Data transfer using shared memory Data flows between URPC packages in different address spaces over a bidirectional shared memory queue with non-spinning test-and-set locks on either end. Receiver should never have to delay (spin-wait) while sender holds the lock. “Abusability factor” not increased by shared memory message channels Denial of service, bogus results, communication protocol violation still possible. Up to higher-level protocols to filter abuses up to application layer. Communication safety responsibility of stubs Arguments passed in shared memory buffers during binding phase. No kernel copying necessary.

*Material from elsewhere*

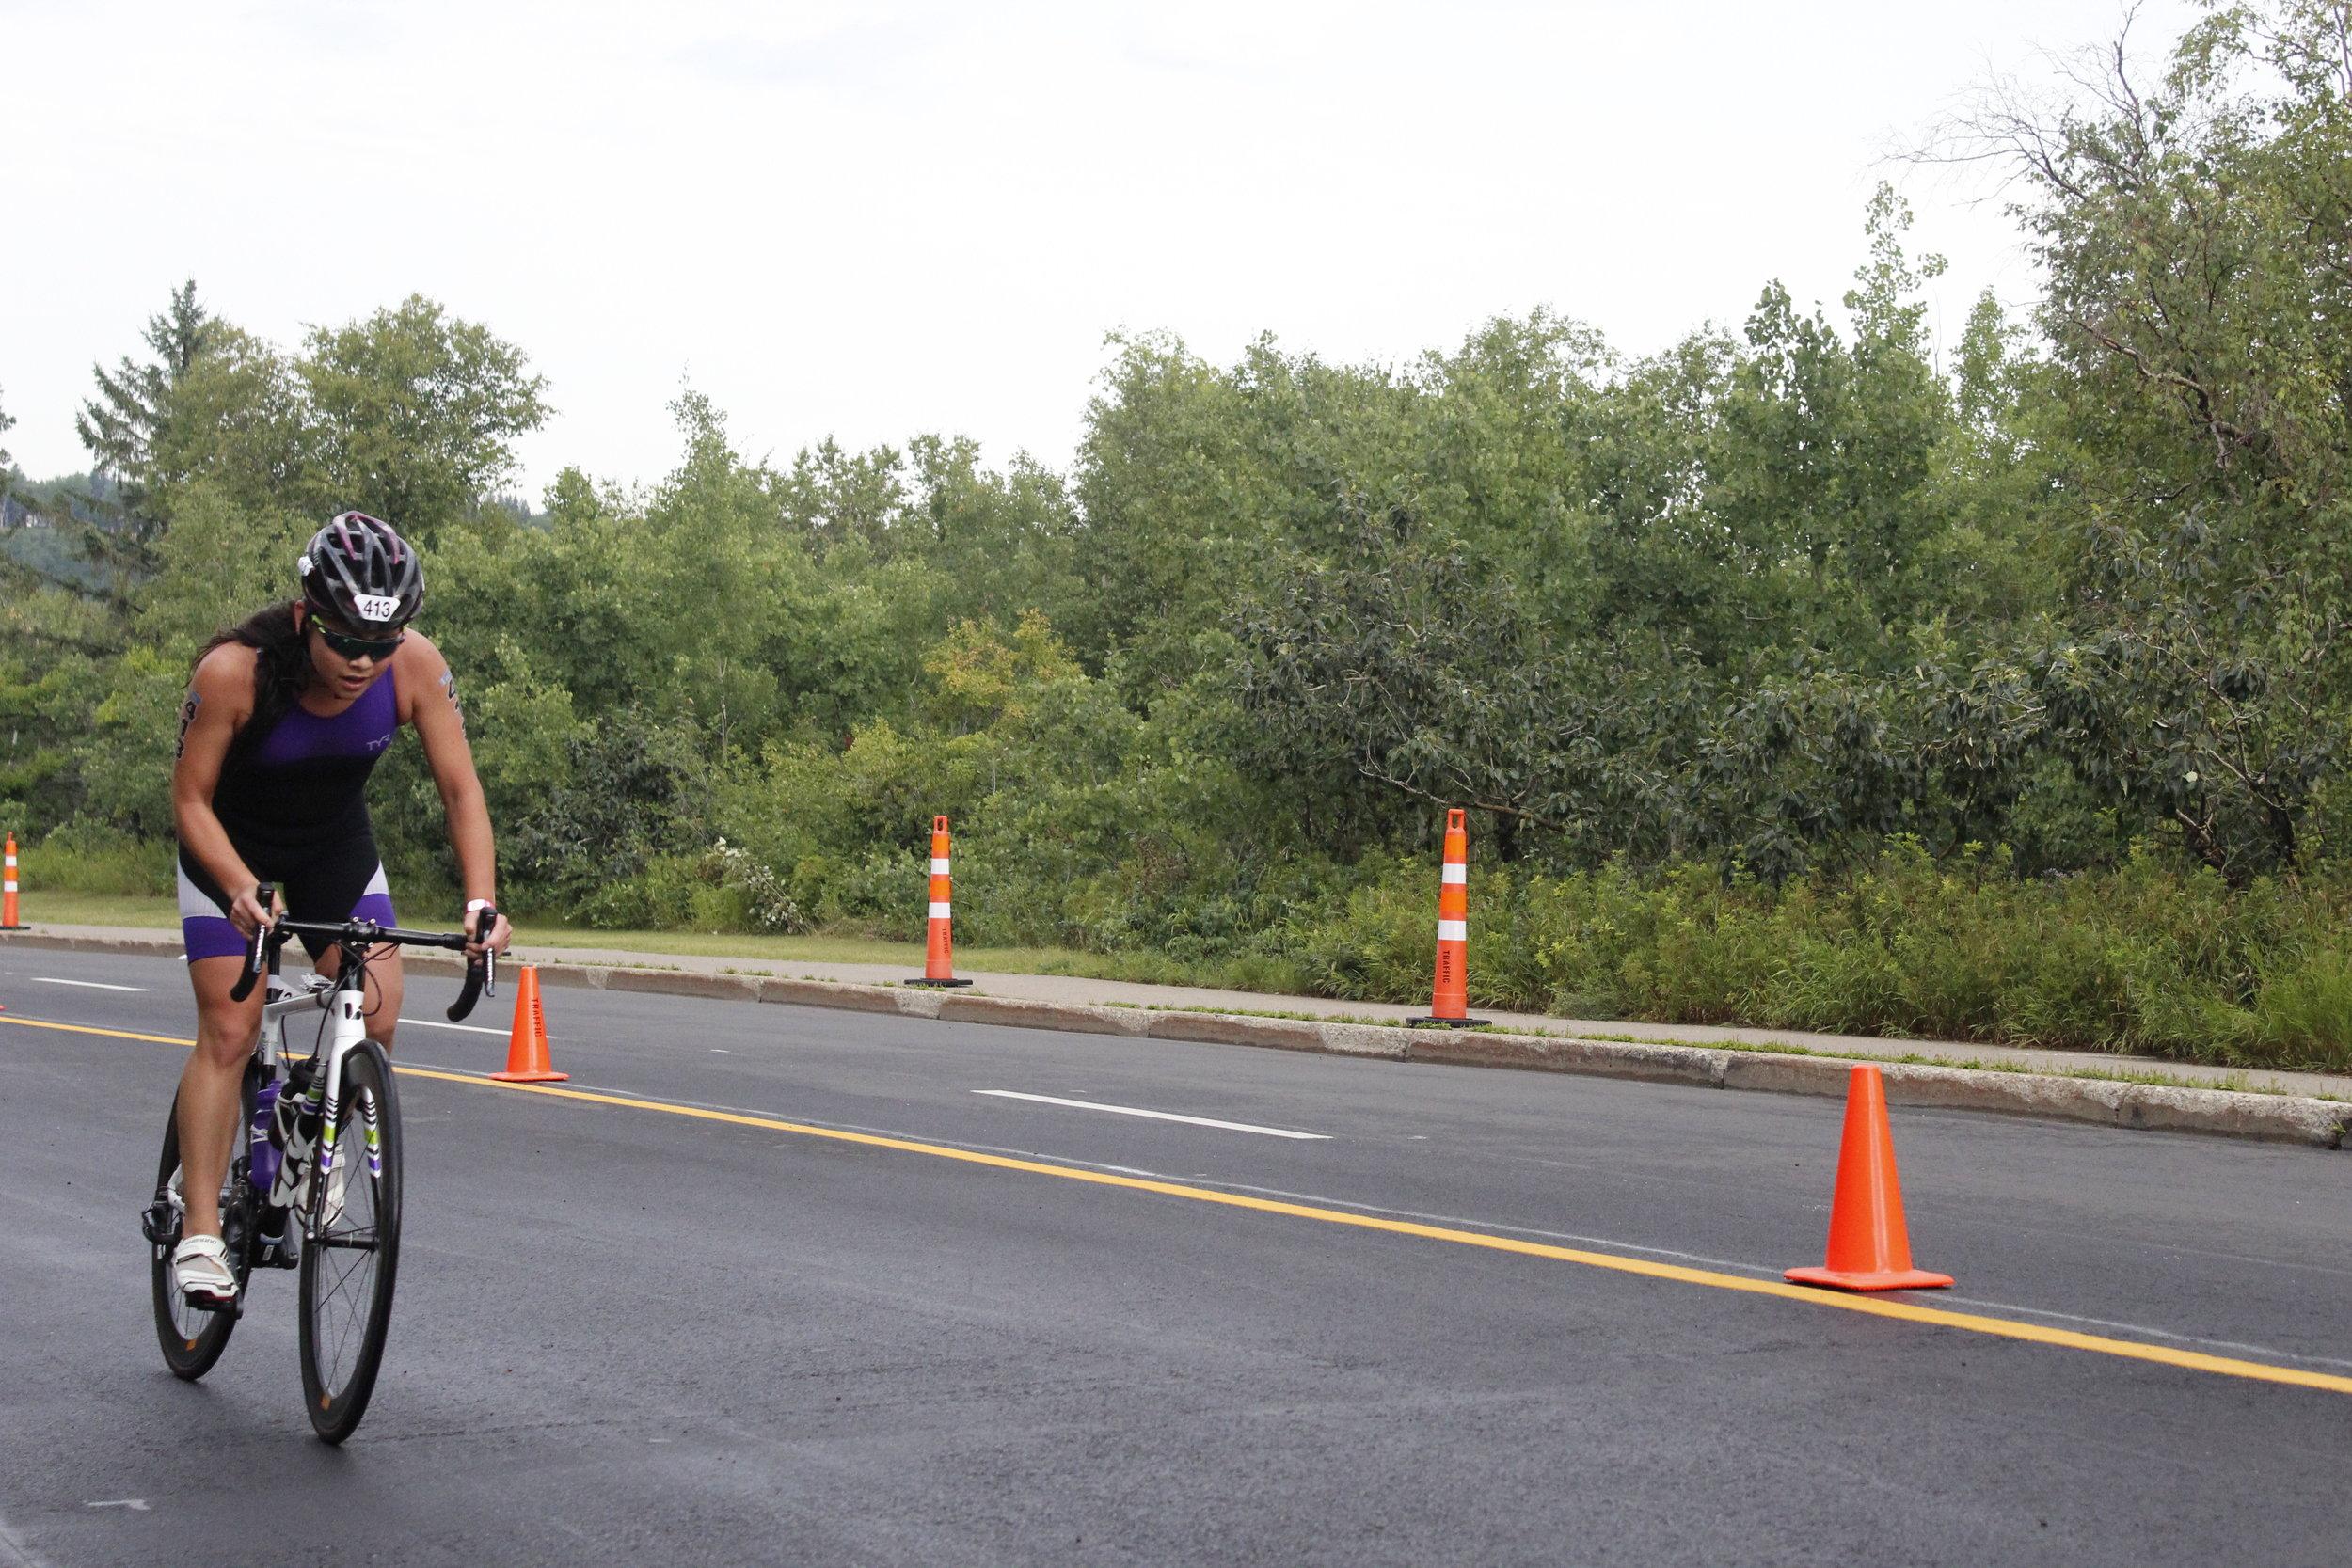 Yume cycling in a triathlon

Cross-address space call and thread management Strong correlation between communications functions and thread management synchronization functions RPCs synchronous with respect to calling thread Each communication function has corresponding thread management function (send <-> start, receive <-> stop) Thread classification: Heavyweight: kernel makes no distinction between thread and address space Middleweight: kernel-managed threads but decoupled from address spaces (can be multiple threads per address space) Lightweight: threads managed by user-level libraries Fine-grained parallel applications demand high-performance thread management, only possible with user-level threads. Two-level scheduling: lightweight user-level threads are scheduled on top of weightier kernel-managed threads.

URPC Performance Processing times close for client and server Nearly half of time goes to thread management (dispatch)

URPC Performance C: client processors, S: server processors; T:runnable threads in client address space Latency is traded for throughput; T=2 from T=1 means ~20% latency increase, but ~75% throughput increase

And beyond… LRPC: improve RPC for cross-domain communication performance. URPC: move inter-process communication to user-level as much as possible. Threads managed at user-level but scheduled on top of middleweight threads. Scheduler Activations (Feb 1992): provide better abstraction (than kernel threads) for kernel support of user-level threads.